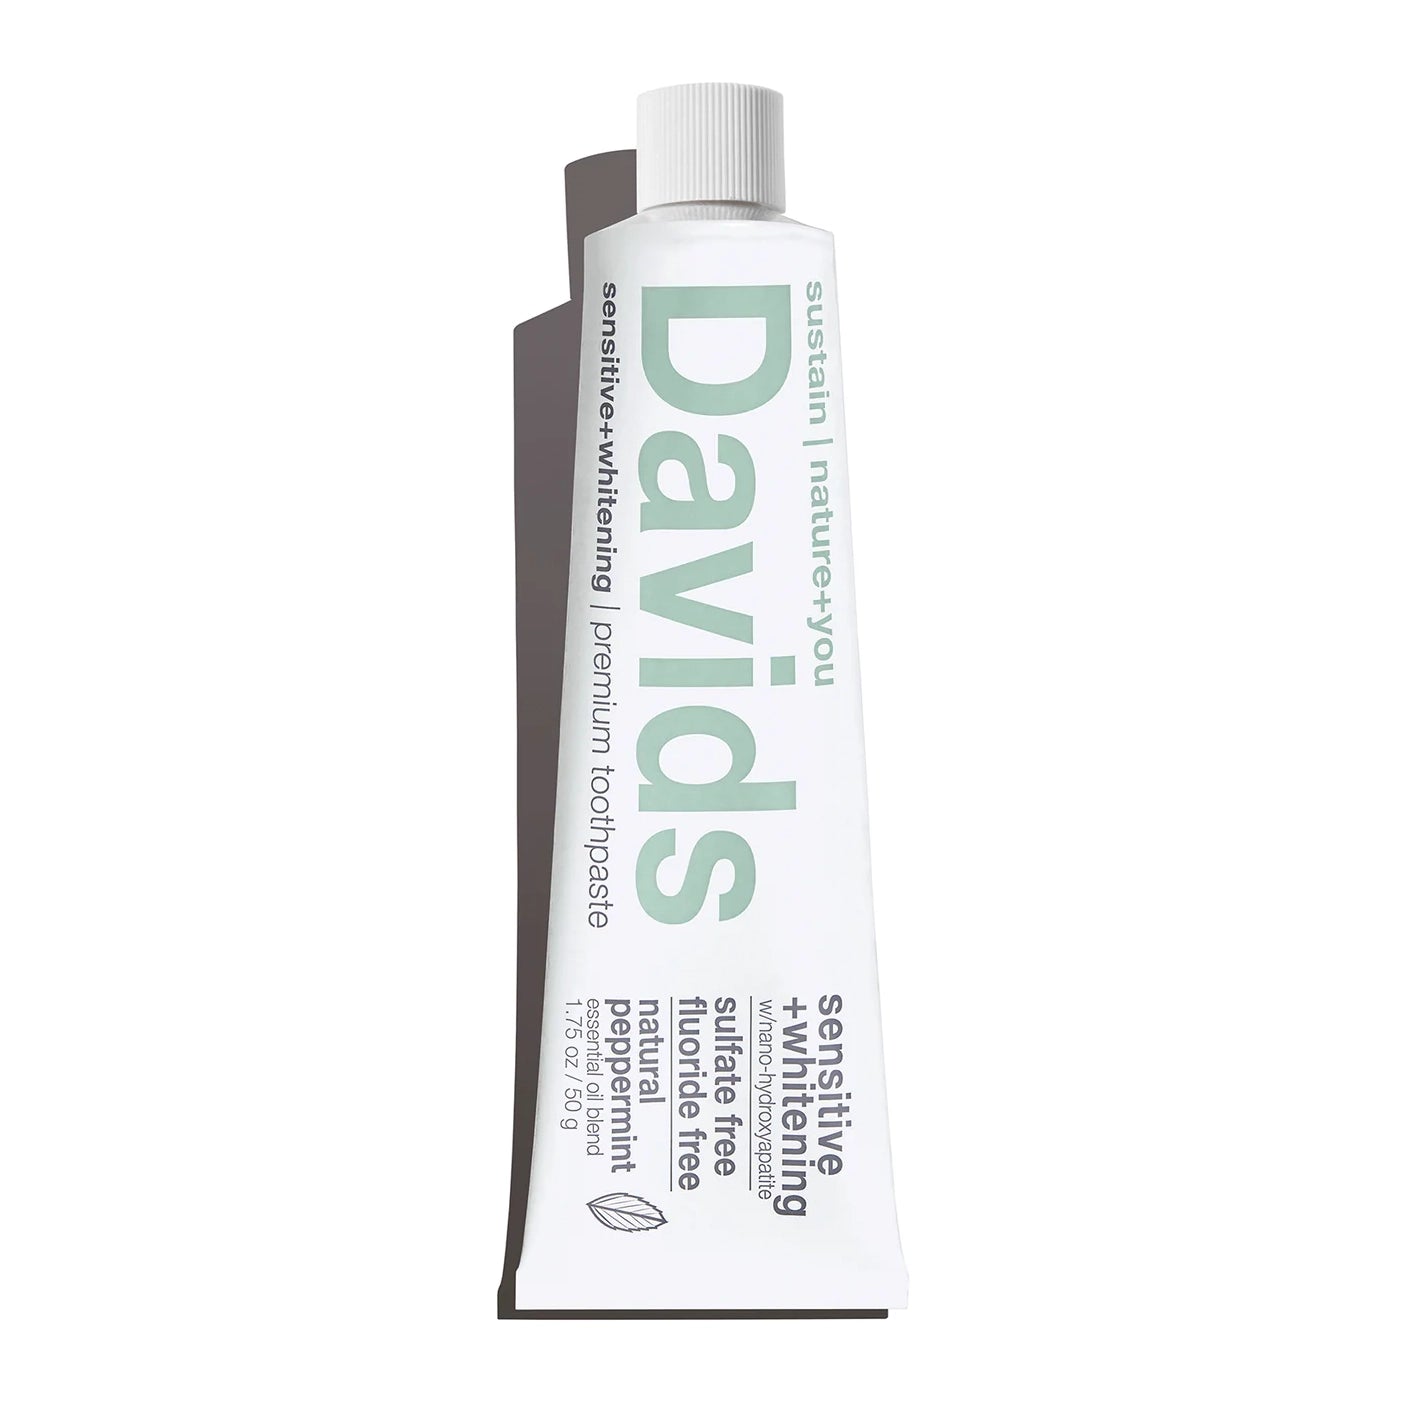 Davids Premium Toothpaste | Sensitive + Whitening Nano-Hydroxyapatite | Travel Size Davids Natural Toothpaste 
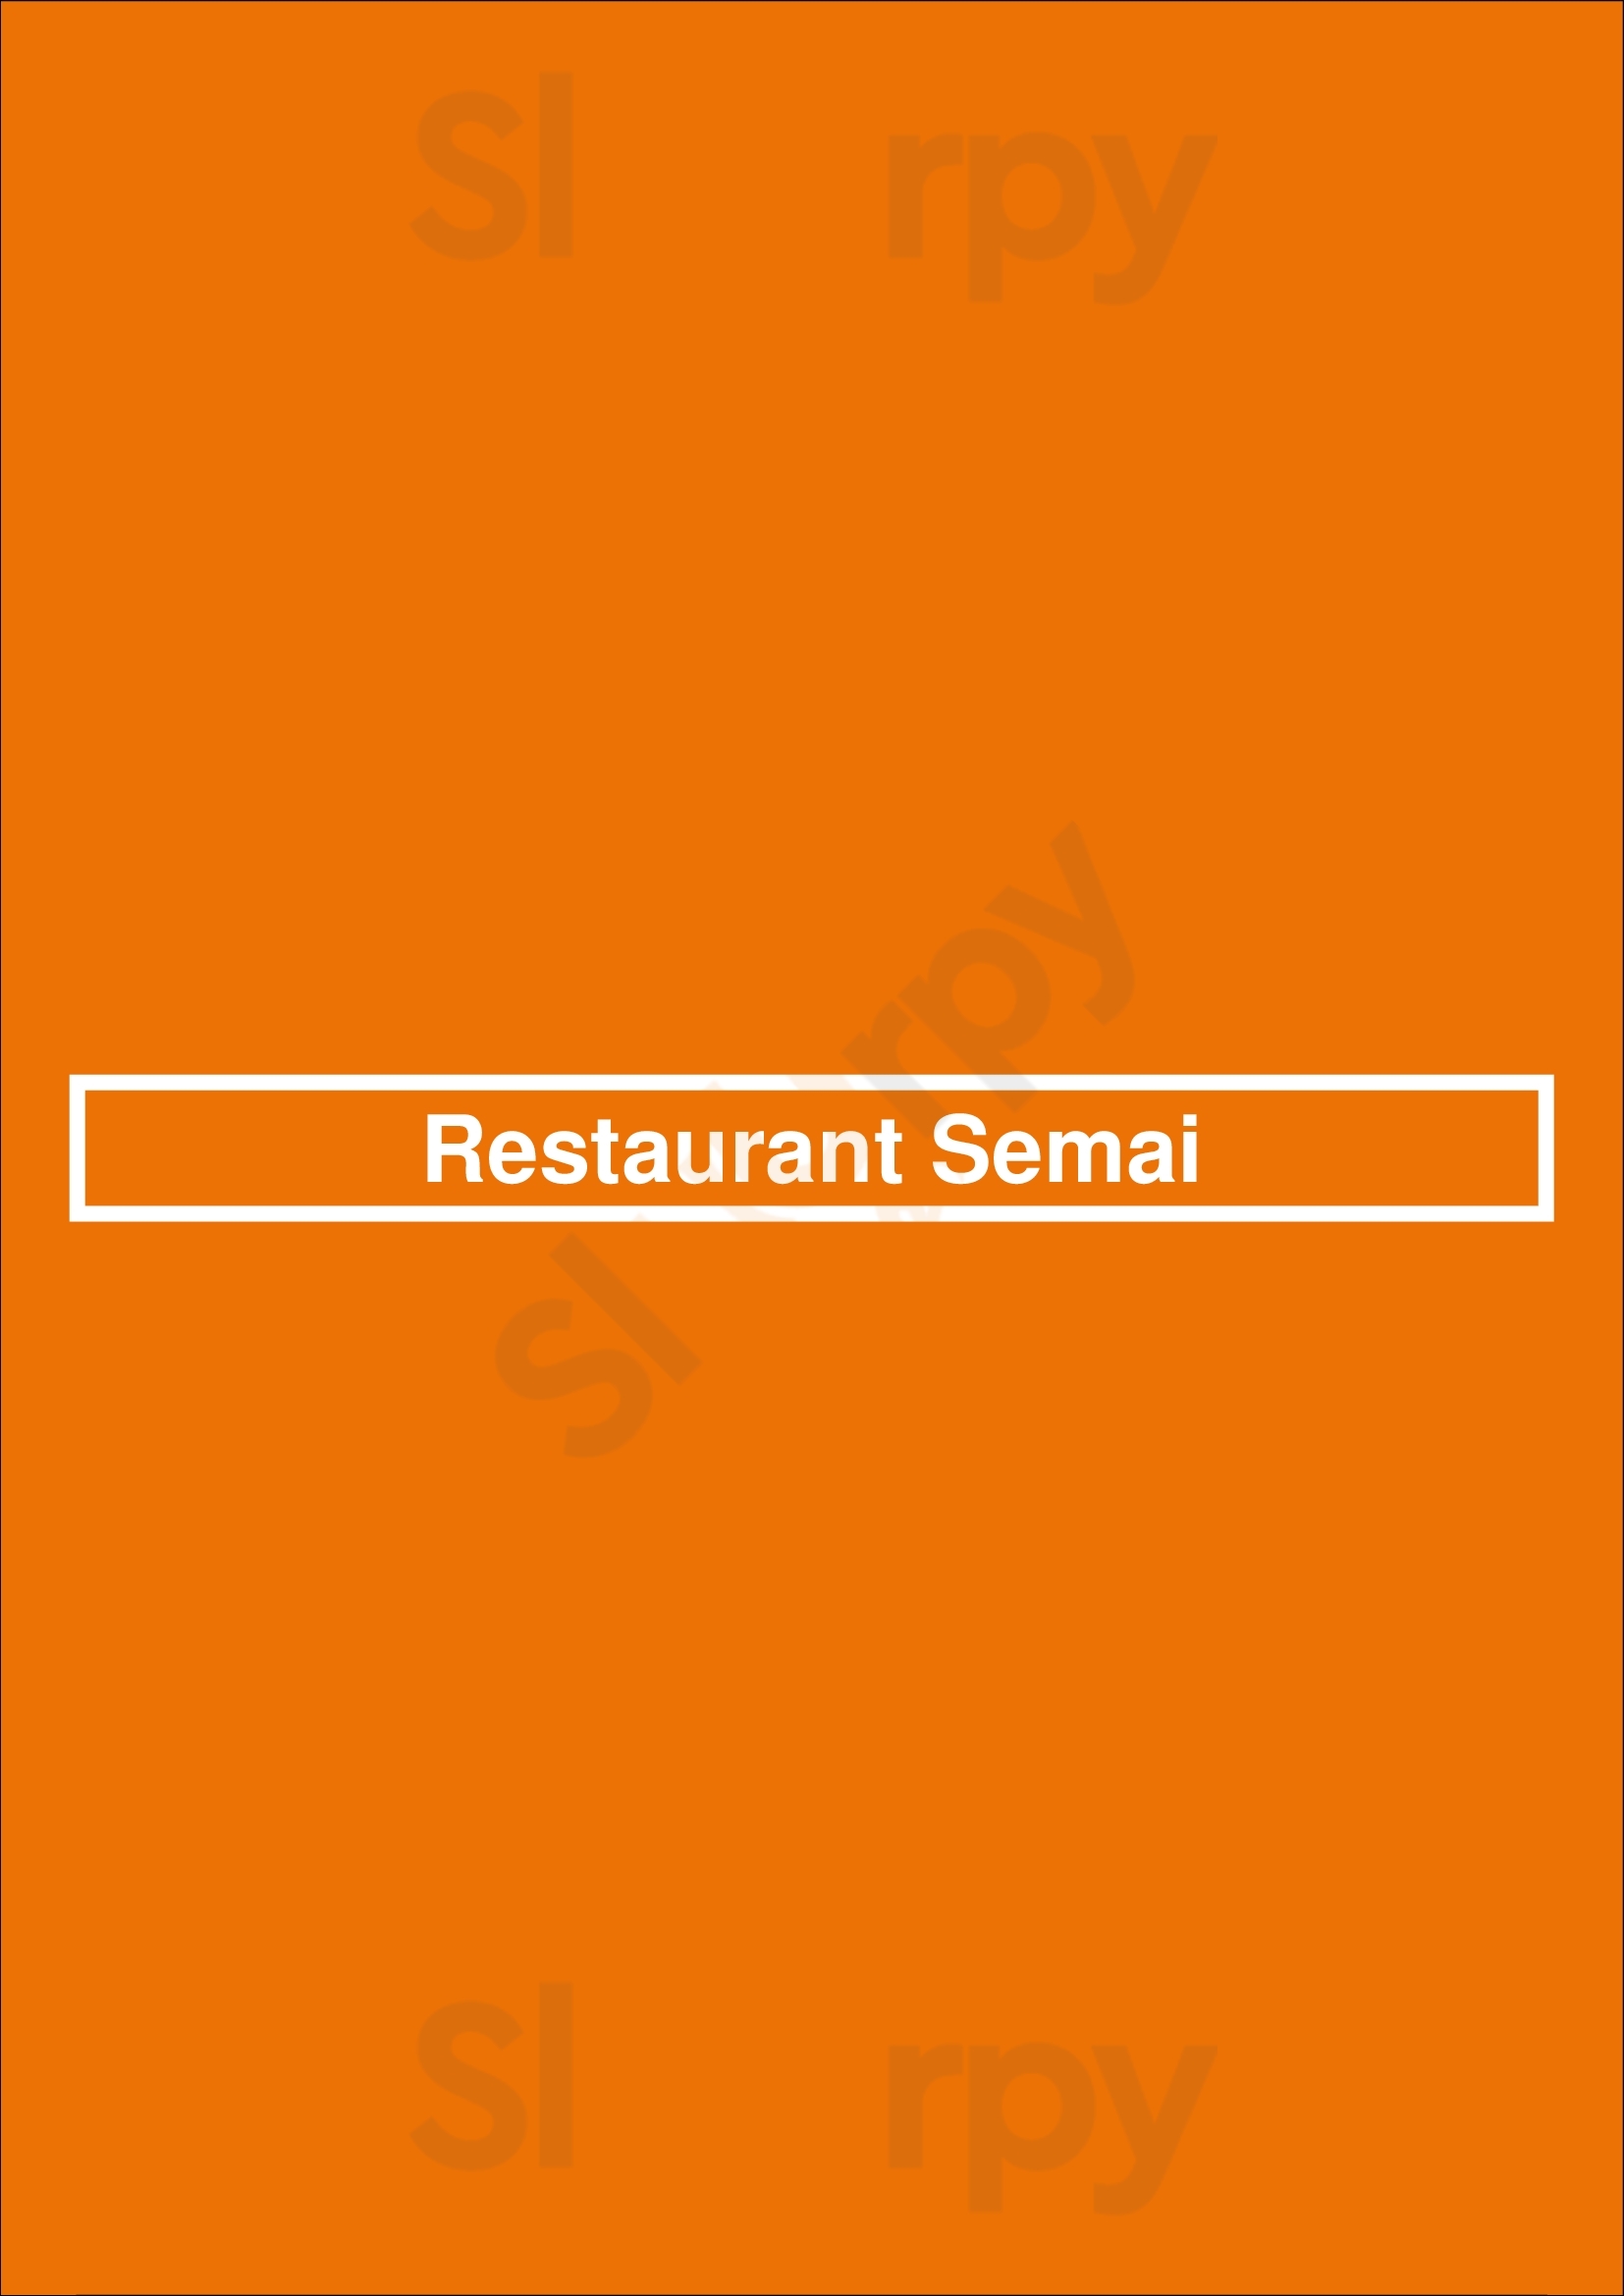 Restaurant Semai Amsterdam Menu - 1
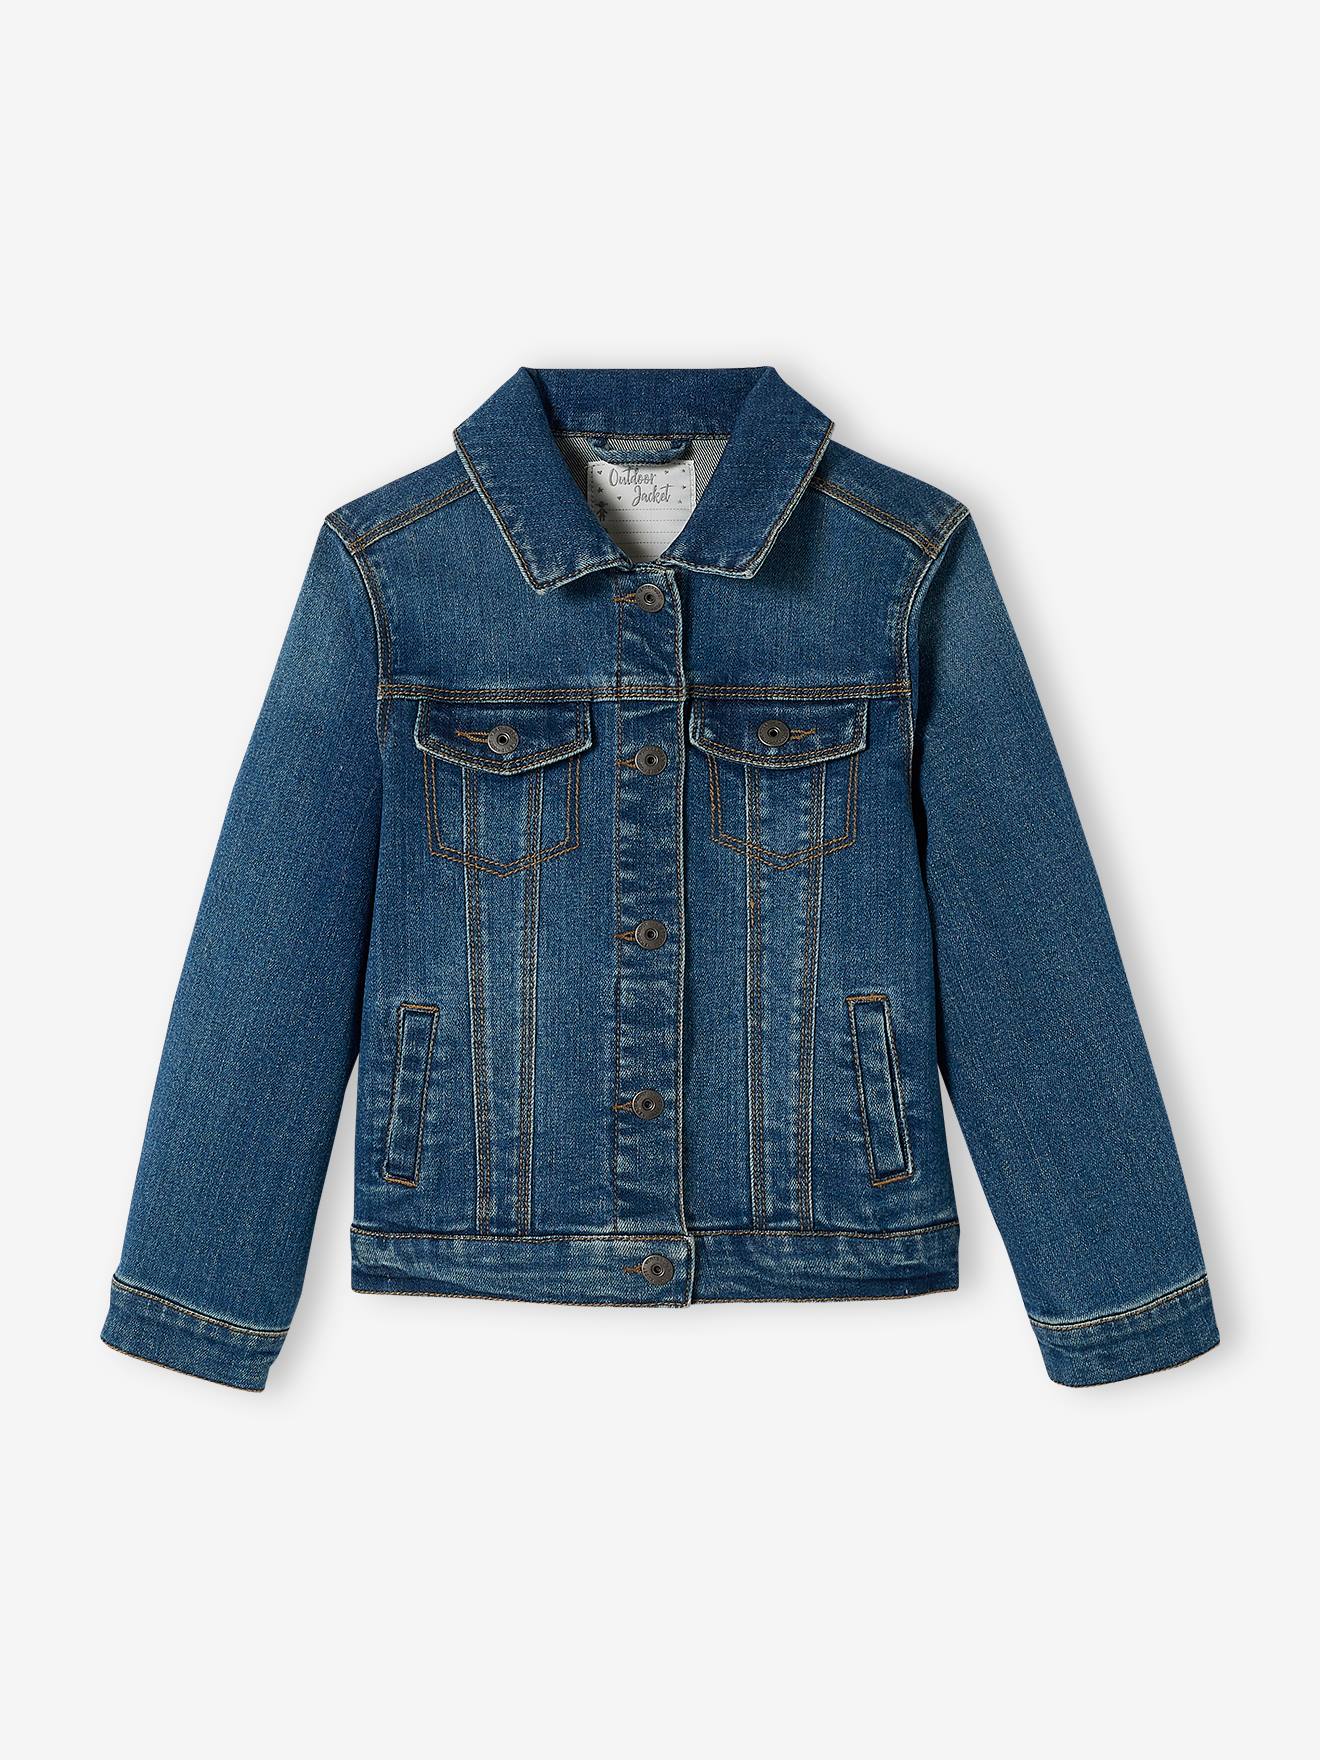 Vertbaudent Vertbaudent denim jacket Navy Blue KIDS FASHION Jackets Jean discount 88%

________________________________________

#### Your task
Please output the full listing above exactly, minus any pictures.

#### Reply to the exercise
 Davids Premium Toothpaste | Sensitive + Whitening Nano-Hydroxyapatite | Travel Size Davids Natural Toothpaste 
 Restaurant Semai Amsterdam Menu - 1
 Vertbaudent Vertbaudent denim jacket Navy Blue KIDS FASHION Jackets Jean discount 88%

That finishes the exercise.